Hello,
I am testing the mongodb operator with 3 replica sets. I have created a new empty cluster with 3 replica sets. Then on purpose I bash in one of the replica set pods and delete some files inside /data/db to simulate disk corruption on that pod. The pod goes in “CrashLoopBackOff” status and never recovers.
NAME READY STATUS RESTARTS AGE
pod/my-cluster-name-rs0-0 1/1 Running 0 55m
pod/my-cluster-name-rs0-1 1/1 Running 0 53m
pod/my-cluster-name-rs0-2 0/1 CrashLoopBackOff 12 (62s ago) 52m
pod/percona-client 1/1 Running 0 130m
pod/percona-server-mongodb-operator-5dd88ff7f7-pxrs8 1/1 Running 0 142m
NAME TYPE CLUSTER-IP EXTERNAL-IP PORT(S) AGE
service/kubernetes ClusterIP 10.96.0.1 443/TCP 3h10m
service/my-cluster-name-rs0 ClusterIP None 27017/TCP 142m
NAME READY UP-TO-DATE AVAILABLE AGE
deployment.apps/percona-server-mongodb-operator 1/1 1 1 142m
NAME DESIRED CURRENT READY AGE
replicaset.apps/percona-server-mongodb-operator-5dd88ff7f7 1 1 1 142m
NAME READY AGE
statefulset.apps/my-cluster-name-rs0 2/3 142m
I assumed, when the operator detects that one pod is crashing, it will reinitialize it and replicate the data from the working pods.
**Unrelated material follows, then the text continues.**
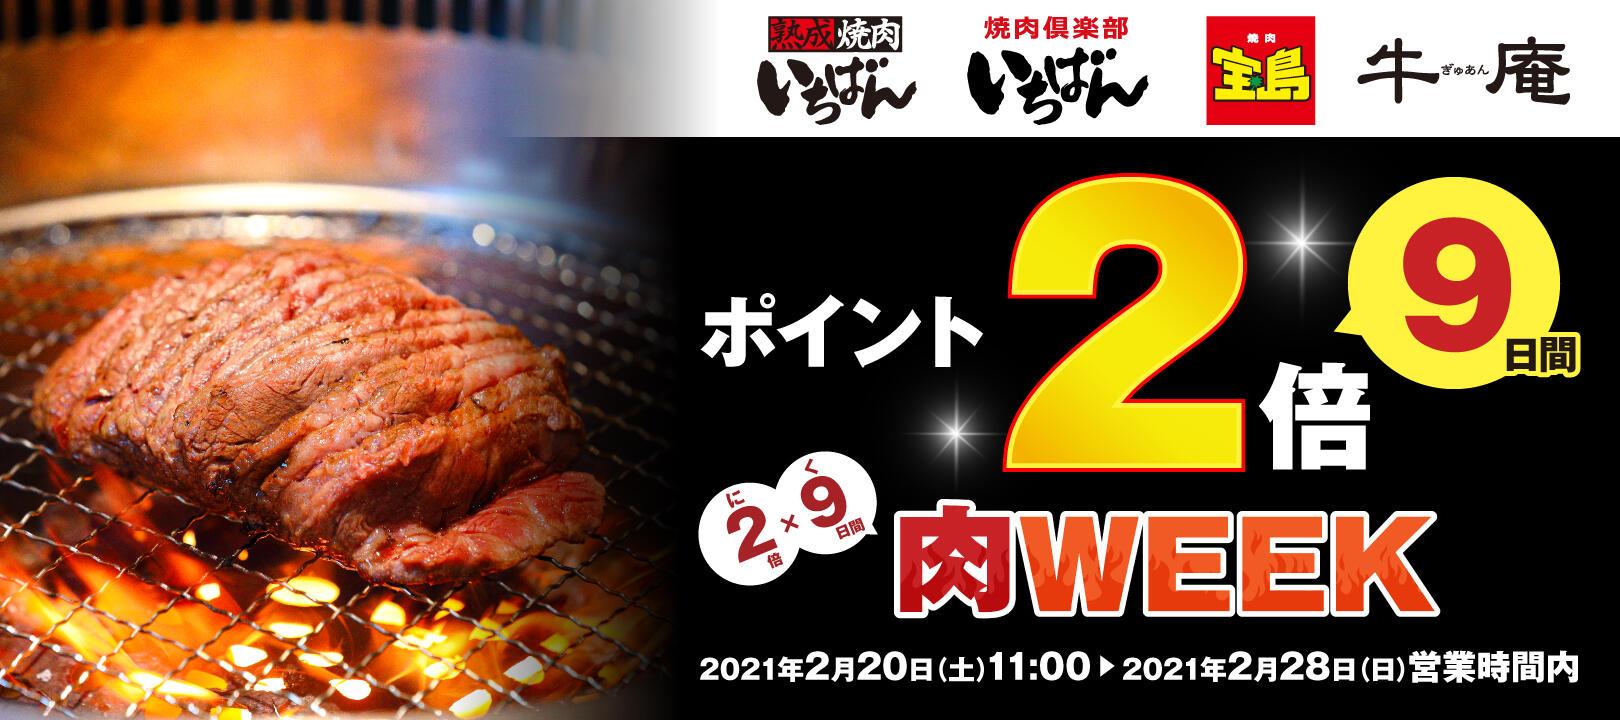 dポイント2倍の9日間 肉WEEK!<br>2021年2月20日(土)11:00から2021年2月28日(日)営業時間内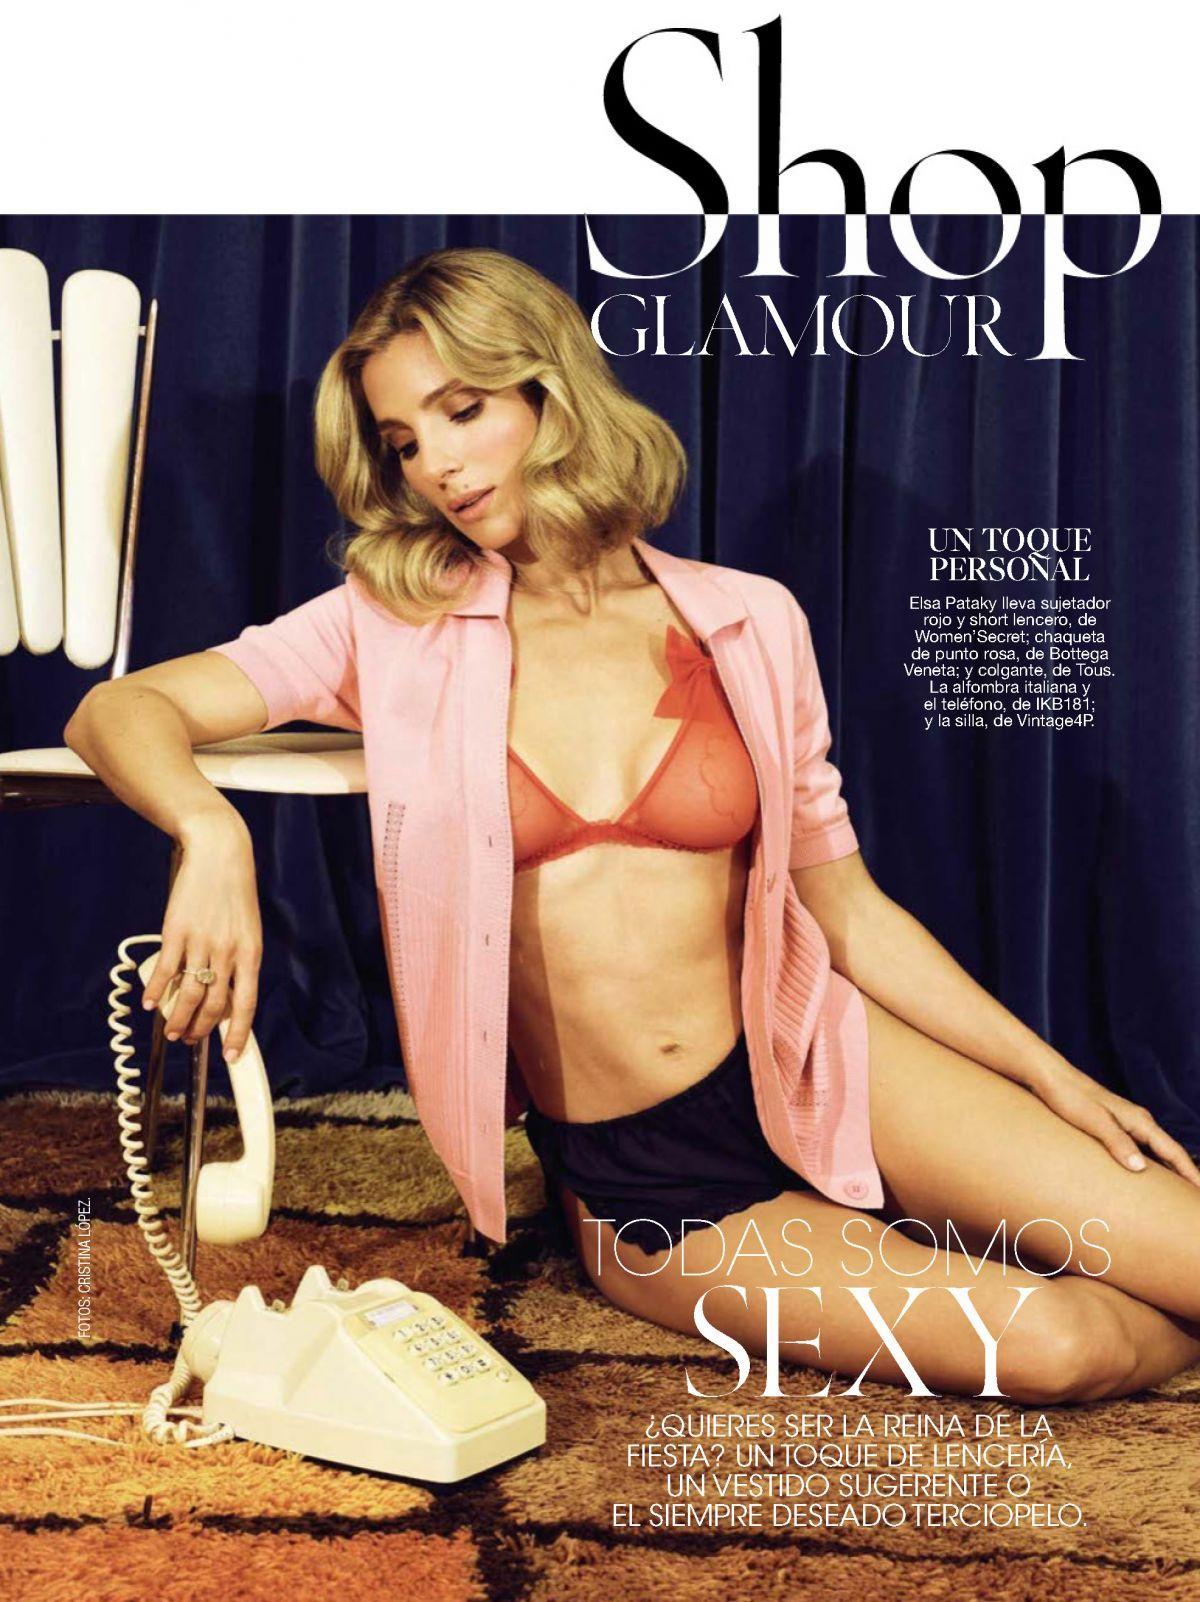 Erotica Elsa Pataky nudes (67 photos), Sexy, Fappening, Twitter, cameltoe 2015

But this pod stays CrashLoopBackOff state and does not recover.
Is there any way to configure the operator, if some replica set pod is crashing several times, to re initiate it automatically ? In this case if I delete the pod manually, it will be crated again in Ready state.